Probably wishful thinking, but who knows - maybe
there's something in contrib! I have a bunch of csv
data with the field names specified on the first line
of the various files. Is there any such utility that
will create a table schema using the field names AND
look through the data and determine what data types
each field should be?

I'm not sure that's possible in a general sense. Is 123 text or a
number? How do I prove it one way or another?

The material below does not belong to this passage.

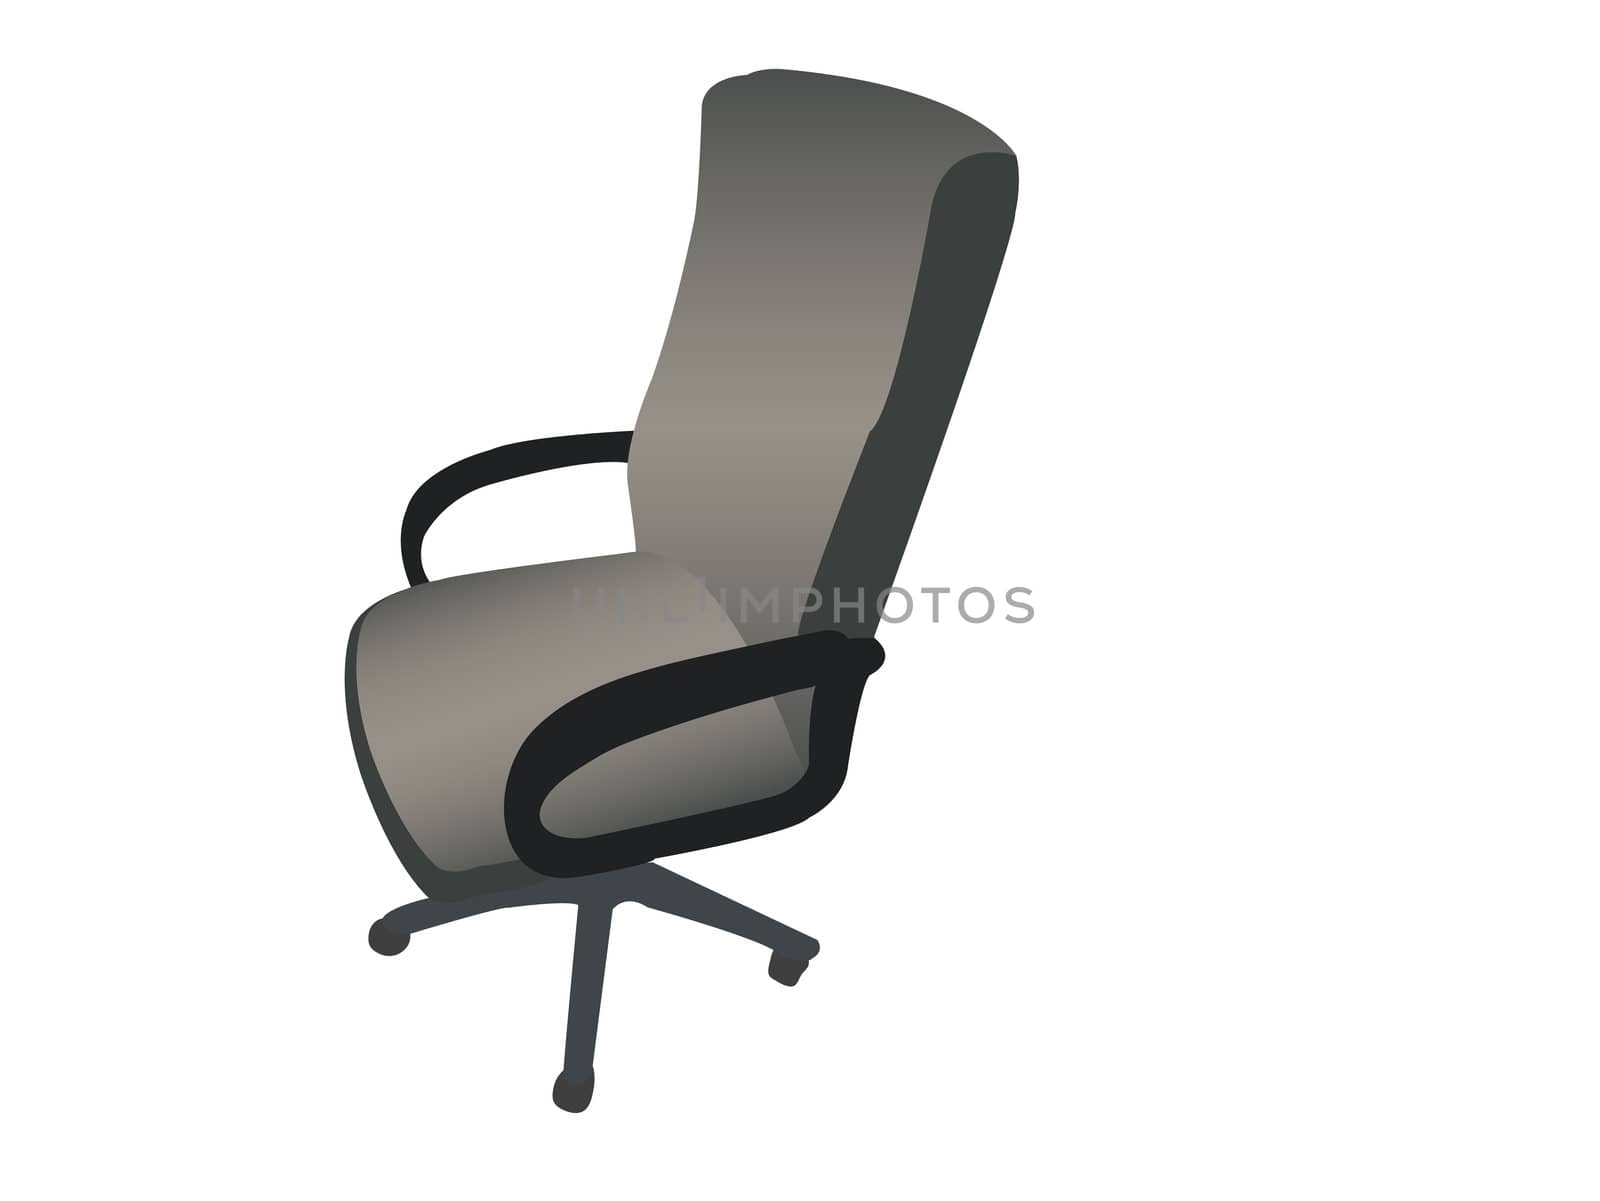 rotating arm chair against white background

However, if you were happy to end up with "good enough" types (i.e.
might end up using text instead of a more specific type), and know that
data was representative then it shouldn't be too tricky to write some
pattern-matching Perl to do the job.

--
Richard Huxton
Archonet Ltd

#3Reid Thompson
Reid.Thompson@ateb.com
In reply to: Richard Huxton (#2)
Re: Utility that creates table schema from csv data?

Richard Huxton wrote:

CSN wrote:

Probably wishful thinking, but who knows - maybe
there's something in contrib! I have a bunch of csv
data with the field names specified on the first line
of the various files. Is there any such utility that
will create a table schema using the field names AND
look through the data and determine what data types
each field should be?

I'm not sure that's possible in a general sense. Is 123 text or a
number? How do I prove it one way or another?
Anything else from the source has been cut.